2. **Whisper** transcribes. If the language has a LoRA adapter loaded, `AdapterManager` hot-swaps to it (~50 ms).
3. **Qwen** reads the vocabulary it has learned so far (`MemoryManager.get_vocabulary_context()`), then returns a structured JSON reply with `intent ∈ {teaching, question, conversation, error}`.
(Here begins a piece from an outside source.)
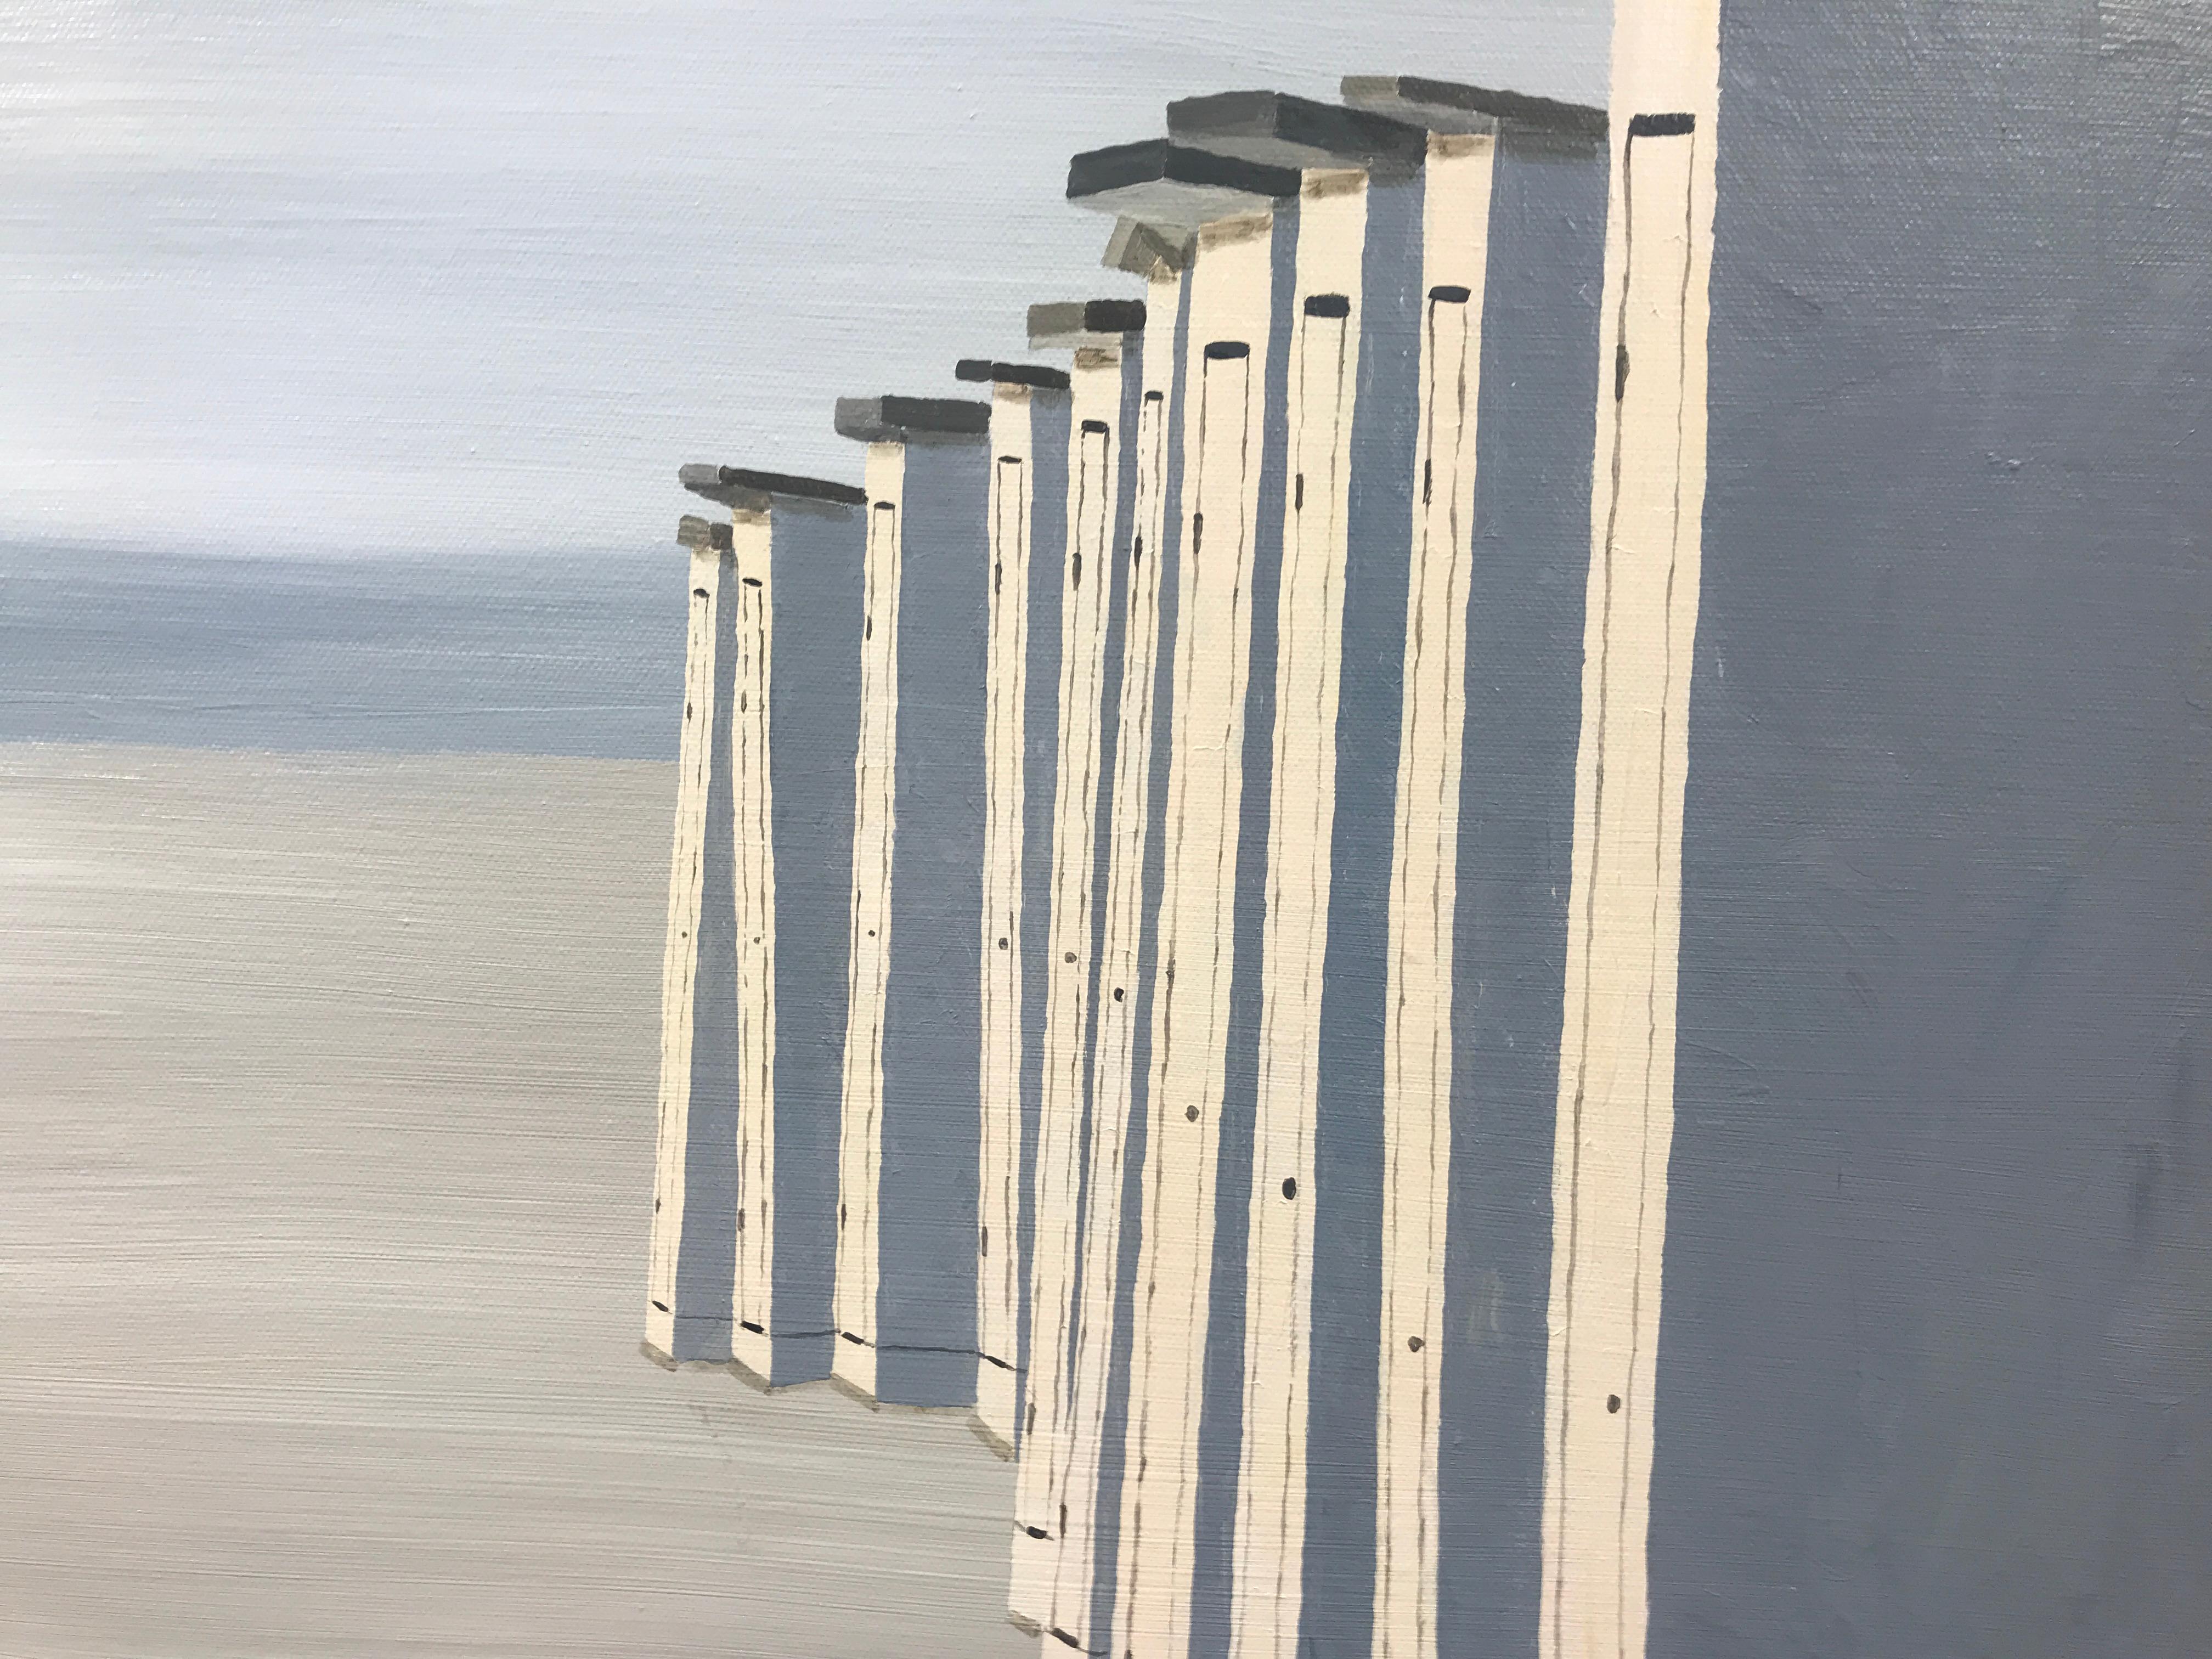 Le Coucher du Soleil, Susan Kinsella 2018 Realist Oil on Canvas Beach Painting 4

4. If `teaching`: the word pair is appended to `data/vocabulary.jsonl` and async-pushed to `ous-sow/sahel-agri-feedback → vocabulary.jsonl`.
5. If `question`: Qwen answers using the remembered vocabulary as source of truth.
6. If `conversation`: Qwen replies naturally.
7. TTS speaks the reply (Waxal VITS for Bambara, MMS-TTS fallback elsewhere).
The last 5 learned words are always visible in the UI.
---
## How the agricultural voice interface works
1. User asks, e.g., *"A bɛ di wa?"* ("Is it OK?") referring to their field.
2. `intent_parser.py` (keyword-based) classifies the request: `check_soil` / `check_weather` / `irrigation_status` / `pest_alert` / etc.
3. `SensorBridge` calls the configured `SENSOR_API_URL` and returns a typed `SensorData`.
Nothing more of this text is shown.